**DATA EXTRACT:**
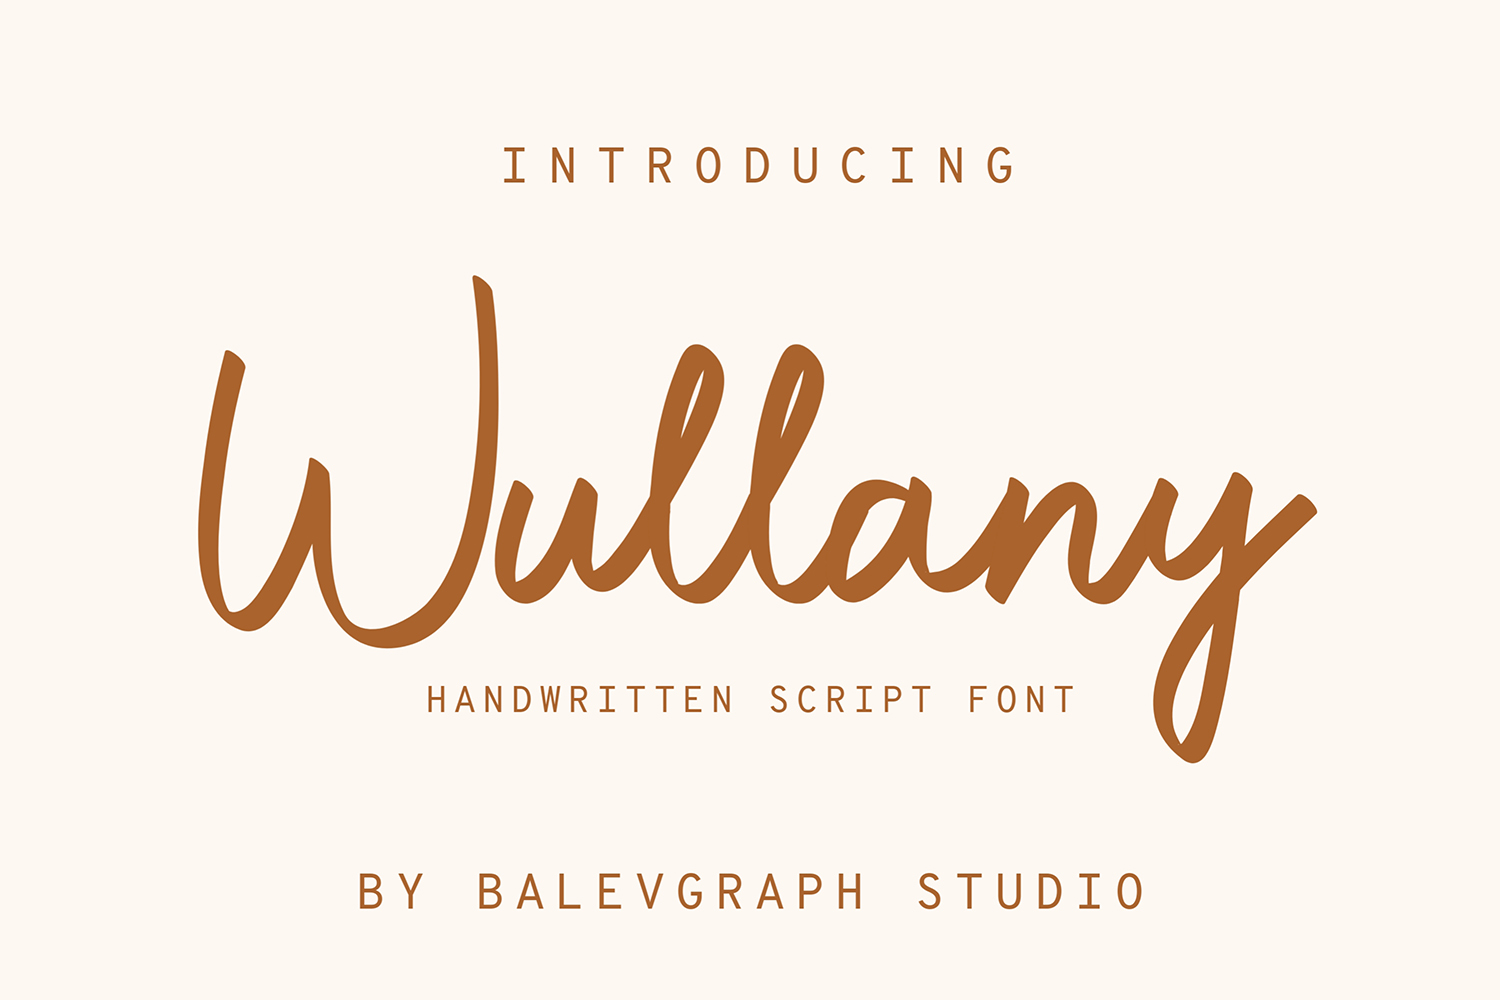 Wullany Free Font
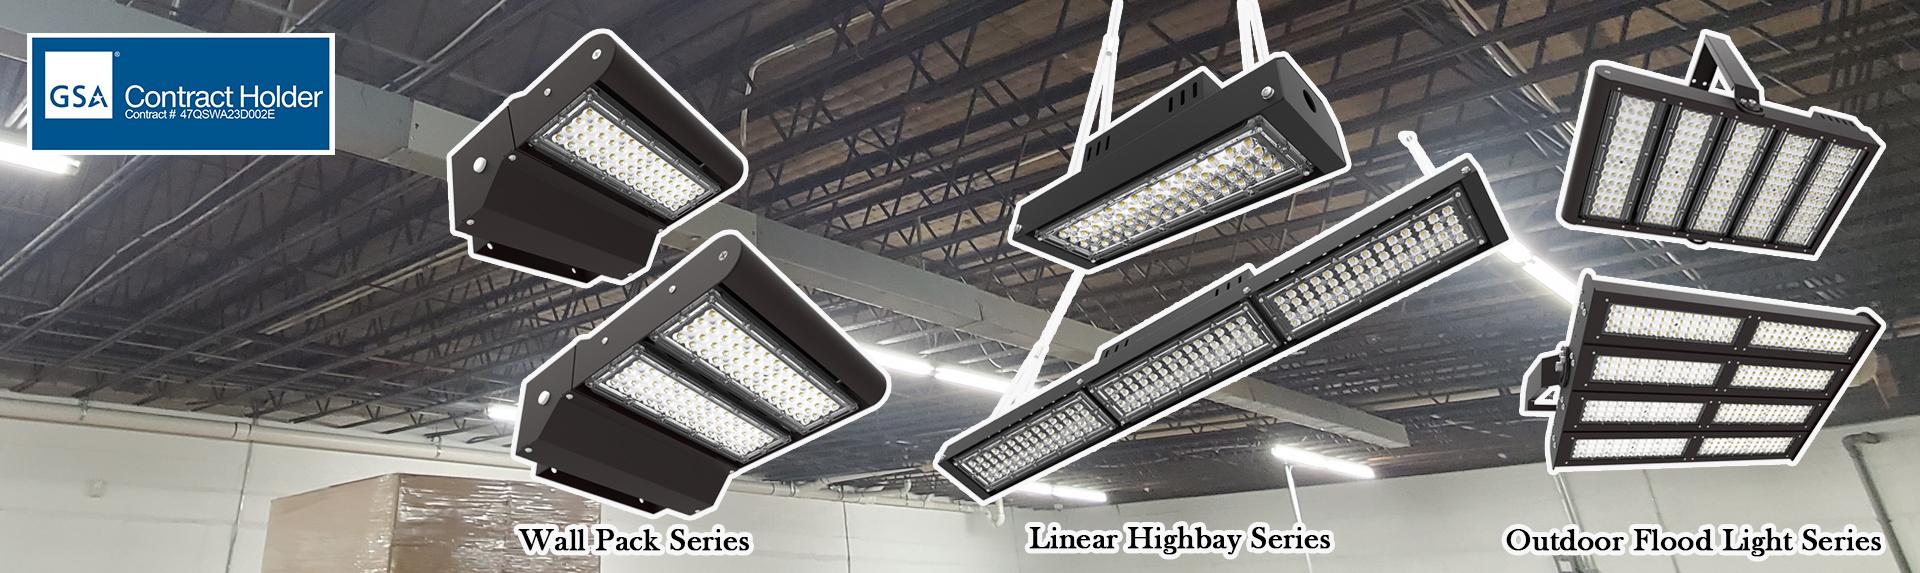 Energy Saving with LED Lighting Fixtures & Bulbs
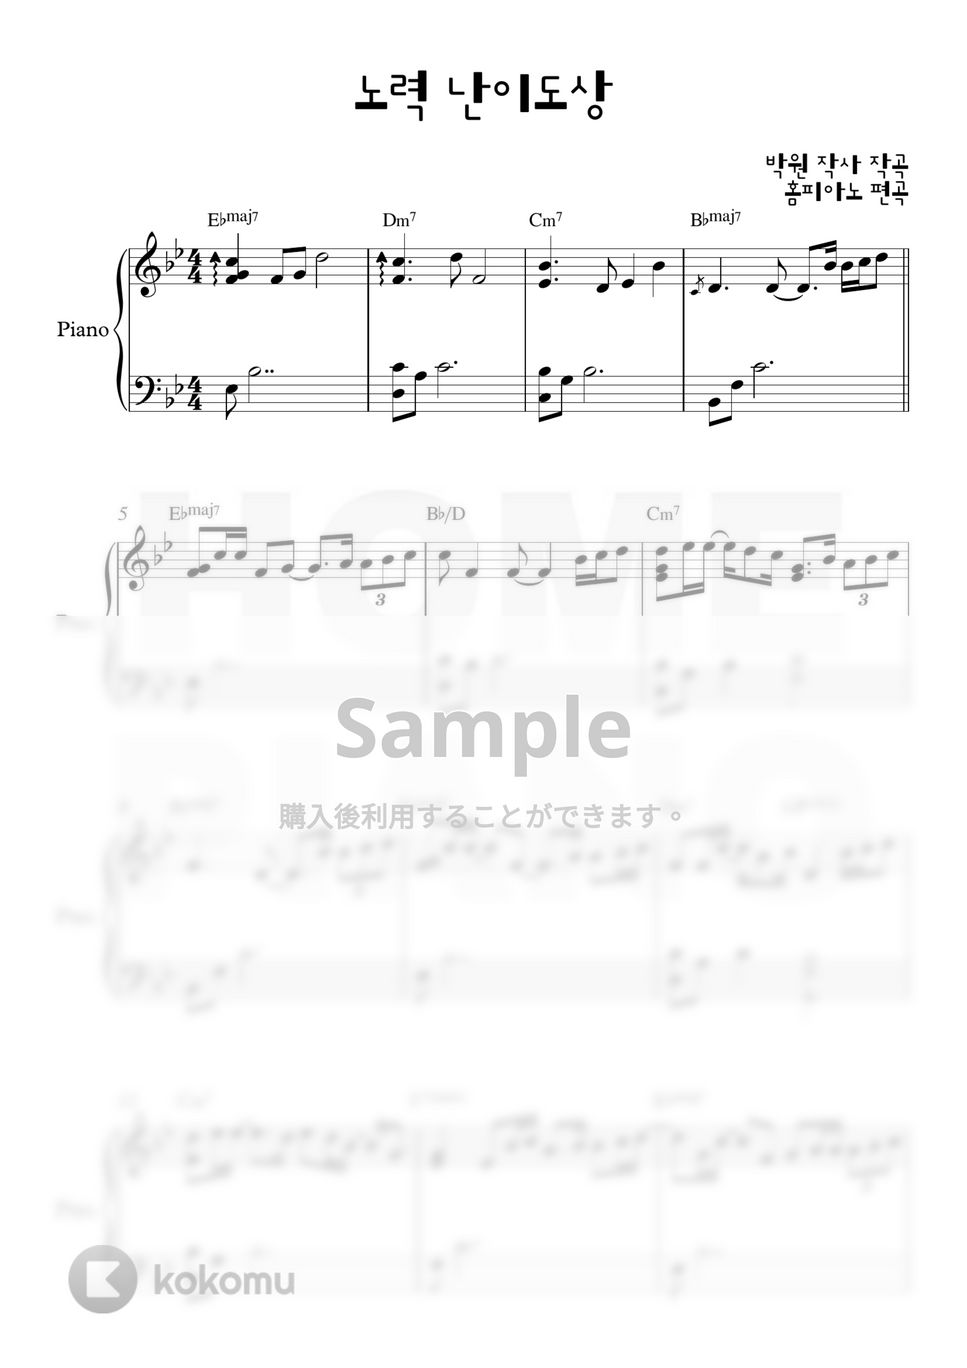 パク・ウォン - 努力 (上級) by HOME PIANO
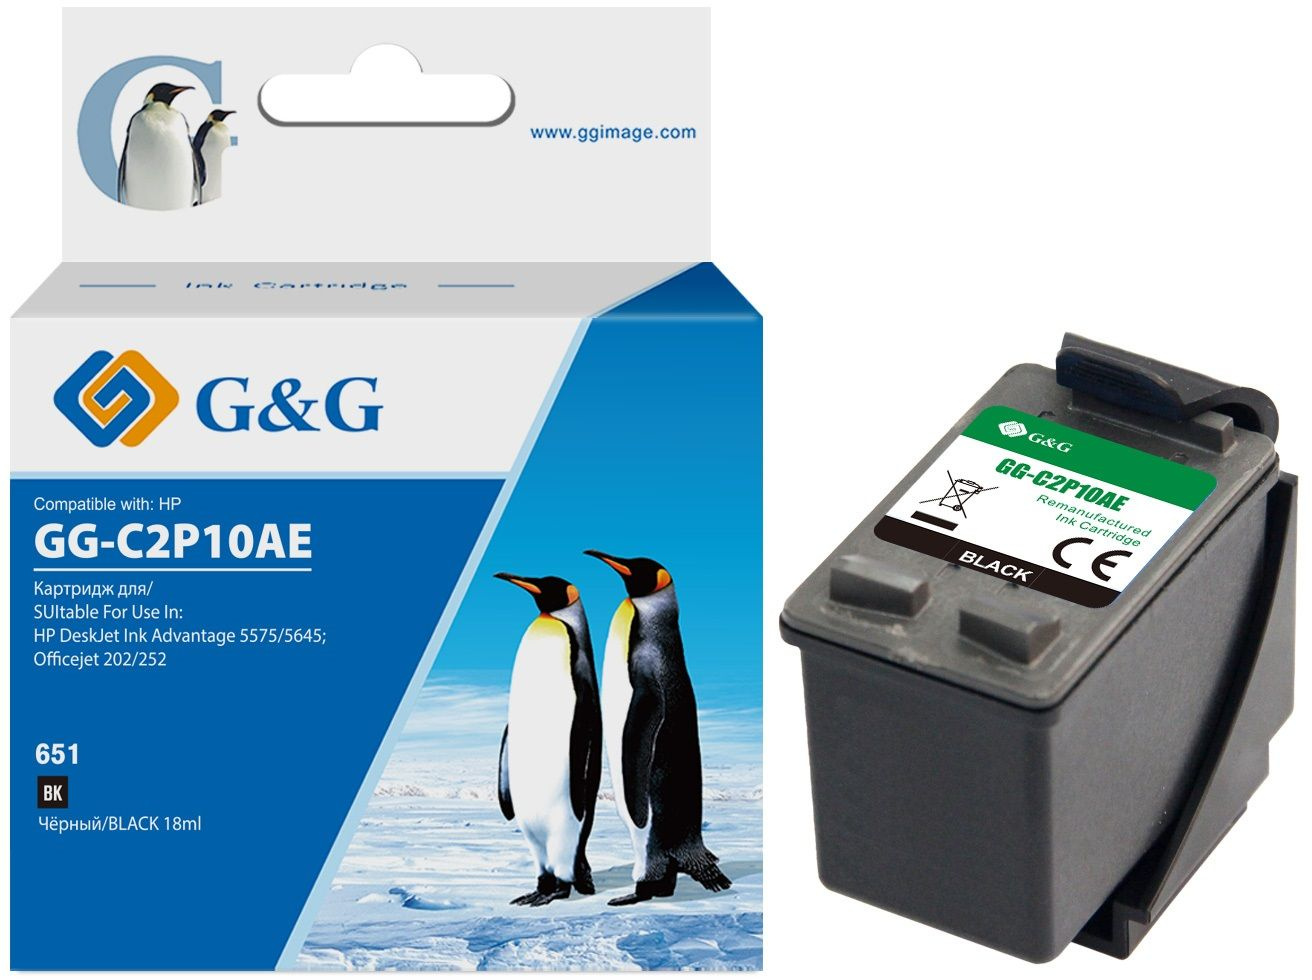  G&G GG-C2P10AE, 651,  / GG-C2P10AE

**WORK TO BE COMPLETED:** Please restate all of the listing above word for word, with no pictures.

**REPLY TO THE TASK:**
 Wullany Free Font
 Energy Saving with LED Lighting Fixtures & Bulbs
 パク・ウォン - 努力 (上級) by HOME PIANO
  G&G GG-C2P10AE, 651,  / GG-C2P10AE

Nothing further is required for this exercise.